Open Humans has its roots in the Personal Genome Project,
whose purpose was to supply scientists with human genomic data so that
they could make discoveries more quickly. The geneticist George Church
created a project to sequence the genome of individual volunteers who
agreed to donate their genomic data non-anonymously, creating a common
data resource. Since many important genomic questions cannot be answered
with genome data alone, volunteers also shared other information about
themselves.
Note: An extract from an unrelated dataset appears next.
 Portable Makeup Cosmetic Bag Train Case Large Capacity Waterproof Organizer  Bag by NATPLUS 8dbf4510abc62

The Personal Genome Project inevitably became a somewhat
more general personal data resource for science; however, with its focus
on genomic data, much relevant data, including the kind of data that
could be collected in daily life, remained out of scope.
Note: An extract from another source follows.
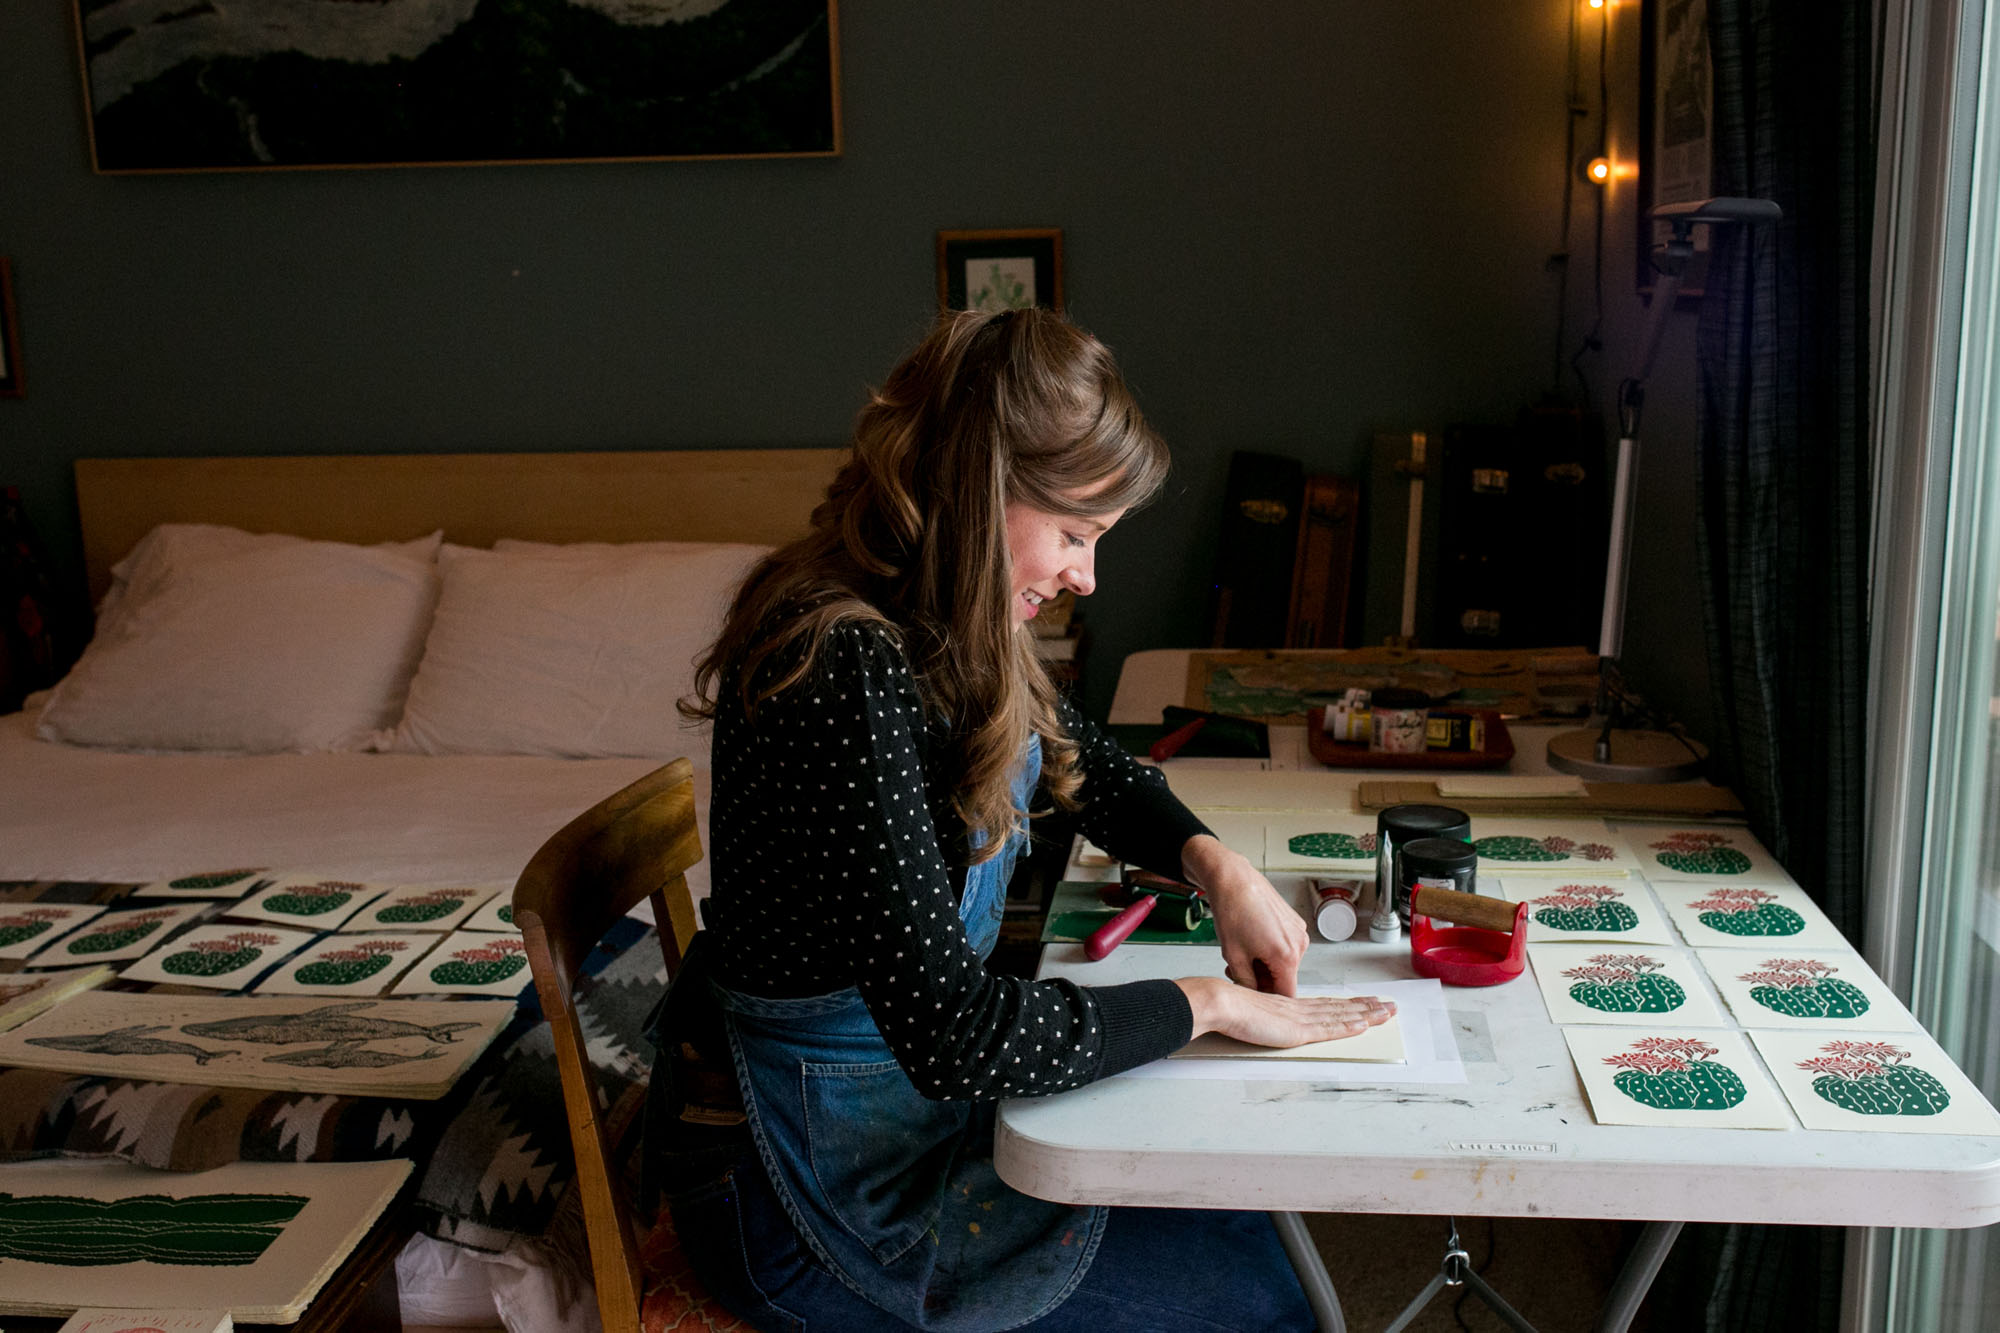 Lili_arnold-block-print-artist-home-studio-santa-cruz-branding-photography04.jpg

When I first met Jason Bobe, who co-founded Open Humans with Mad Price Ball,
he was keenly interested in this question of how to connect personal
genomes with other personal data sets. Jason had worked with George
Church on the Personal Genome Project. He and Mad saw Open Humans as an
analogous effort, but one that would allow volunteers to contribute any
kind of data. The Personal Genome Project was now a decade old. Perhaps,
with deep personal data sets to work with, scientists could deliver on
the promise of genomics to revolutionize medicine, a promise that had
been long frustrated by the complexity connecting genomic data with real
I understood the goal. A few years earlier, I’d written a long Wired story about the taxonomic collaboration between Daniel Janzen and Paul Hebert.
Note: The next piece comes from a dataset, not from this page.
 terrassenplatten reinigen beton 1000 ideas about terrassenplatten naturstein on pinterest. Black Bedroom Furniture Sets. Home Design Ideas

Janzen, along with his other accomplishments, was among the world’s
most knowledgeable field biologists. Hebert had developed a genomic
assay that promised to identify animals using an extremely small region
(about 650 base pairs) of their mitochondrial DNA. Hebert was confident
in his technique, but needed to prove its utility. How could the genomic
data he was collecting be paired to real world ecological knowledge? At
their field station in the Guanacaste Preserve in Costa Rica, Janzen
and his partner Winnie Hallwachs, along with their students and
colleagues, collected hundreds of butterflies and moths, identified
them, snipped off a leg, and shipped it to Guelph, a city in Canada,
where Hebert ran the sequence. Slowly, painstakingly, they connected the
genomic data to the real world data. More than just proving that
Hebert’s technique worked, they also brought a new degree of resolution
to the ecological picture; showing, for instance, that individual
specimens, though visually almost identical as adults, may belong to distinct evolutionary clades and feed on different plants.
In my first conversations with Jason, I saw this as how Open Humans
should work. It promised to provide the “field biology” for the genomic
studies of the Personal Genome Project.
Unfortunately, as attentive readers, link followers, and experts in
the history of overconfidence in science may already have realized,
there’s a pretty serious flaw in my analogy. Paul Hebert was using the
genome to distinguish strands in evolutionary history, mostly at the
level of species. He wanted to know, given a leg, what kind of creature
it was from. Answering relevant health questions requires understanding
the world at a far more detailed level, down to extremely small
differences among individuals of the same species. The trick that Hebert
used is never going to work; and, for many of the health related
questions we care about, nobody knows the tricks that will work. Fifteen
years after the launch of the Personal Genome Project, it continues to
supply data resources to basic science, but its relevance to medicine
remains mostly a promise.
In the Quantified Self community the focus has always been on
individual discovery: How can we learn about ourselves using our own
data? Many of the questions addressed by people doing their own QS
projects relate to health and disease. Browse the archive of Quantified Self Show&Tell
presentations and you’ll find projects on Parkinson’s disease,
diabetes, cognitive decline, cardiovascular health, depression, hearing
loss, and many other health related issues. The kind of “everyday
science” practiced in the Quantified Self community can be understood as
being the opposite of the genome-wide association studies. Instead of
finding small, telling differences among groups of people, the everyday
science of the Quantified Self finds large effects within a single
person who is both subject and scientist.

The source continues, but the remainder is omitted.